4. Of course, the State's ability to refile a Ryce Act petition is subject to the appropriate statutory limitation period. Our opinion should not be read as suspending or extending that requirement in any way.
5. After the court decisions mandating dismissal with prejudice, the Kansas SVP Act was amended. In 2003, the Kansas Legislature amended section 59-29a01, Kansas Statutes Annotated (Supp.2002), to make the time periods directory. The amendment provided:Notwithstanding any other evidence of legislative intent, it is hereby declared that any time requirements set forth in K.S.A. 59-29a01 et seq. and amendments thereto, either as originally enacted or as amended, are intended to be directory and not mandatory and serve as guidelines for conducting proceedings․2003 Kan. Sess. Laws ch. 152, § 1 (codified at § 59-29a01, Kan. Stat. Ann. (Supp.2004)). See In re Hunt, 32 Kan.App.2d 344, 82 P.3d 861, 872 (2004) (discussing the amended statute and stating “[t]here can be little doubt that legislators were aware of Brown, Blackmore, and Searcy and did not agree with their results”).

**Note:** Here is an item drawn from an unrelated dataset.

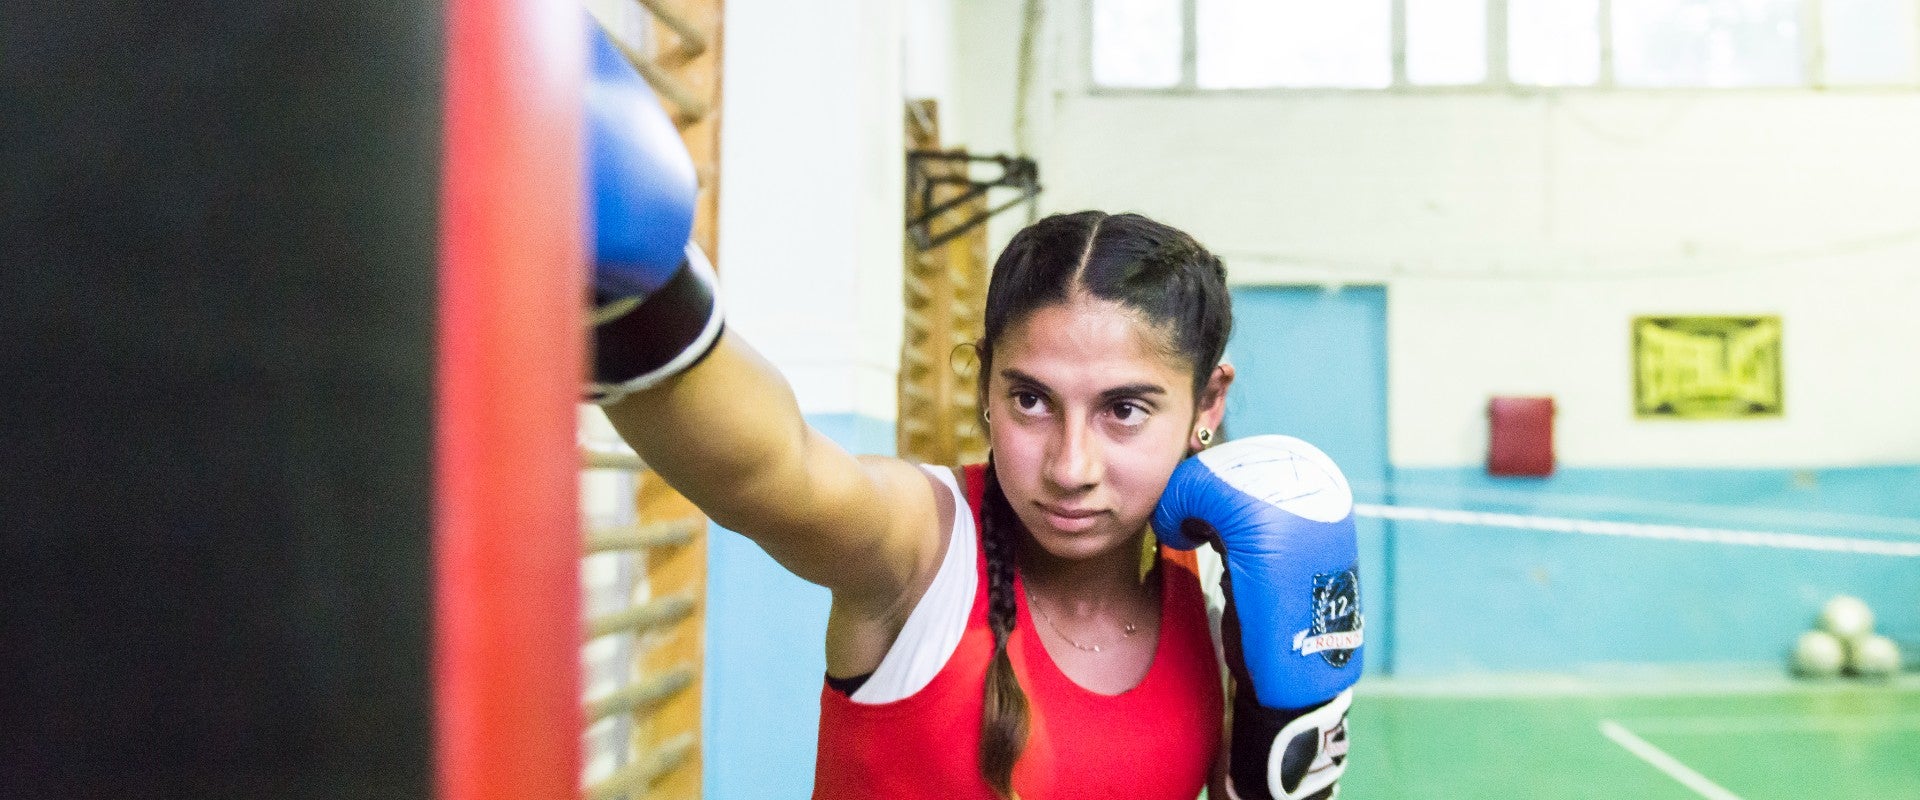 Stela attends the eighth grade and her dream is to become a world boxing champion

6. Merriam-Webster's Collegiate Dictionary defines the word “mandatory” as “containing or constituting a command.” Merriam-Webster's Collegiate Dictionary 706 (10th ed.1999); see also Black's Law Dictionary 973 (7th ed.1999) (defining “mandatory” as “[o]f, relating to, or constituting a command; required; preemptory”).
WELLS, LEWIS, QUINCE, CANTERO, and BELL, JJ., concur. ANSTEAD, J., dissents with an opinion, in which PARIENTE, C.J., concurs.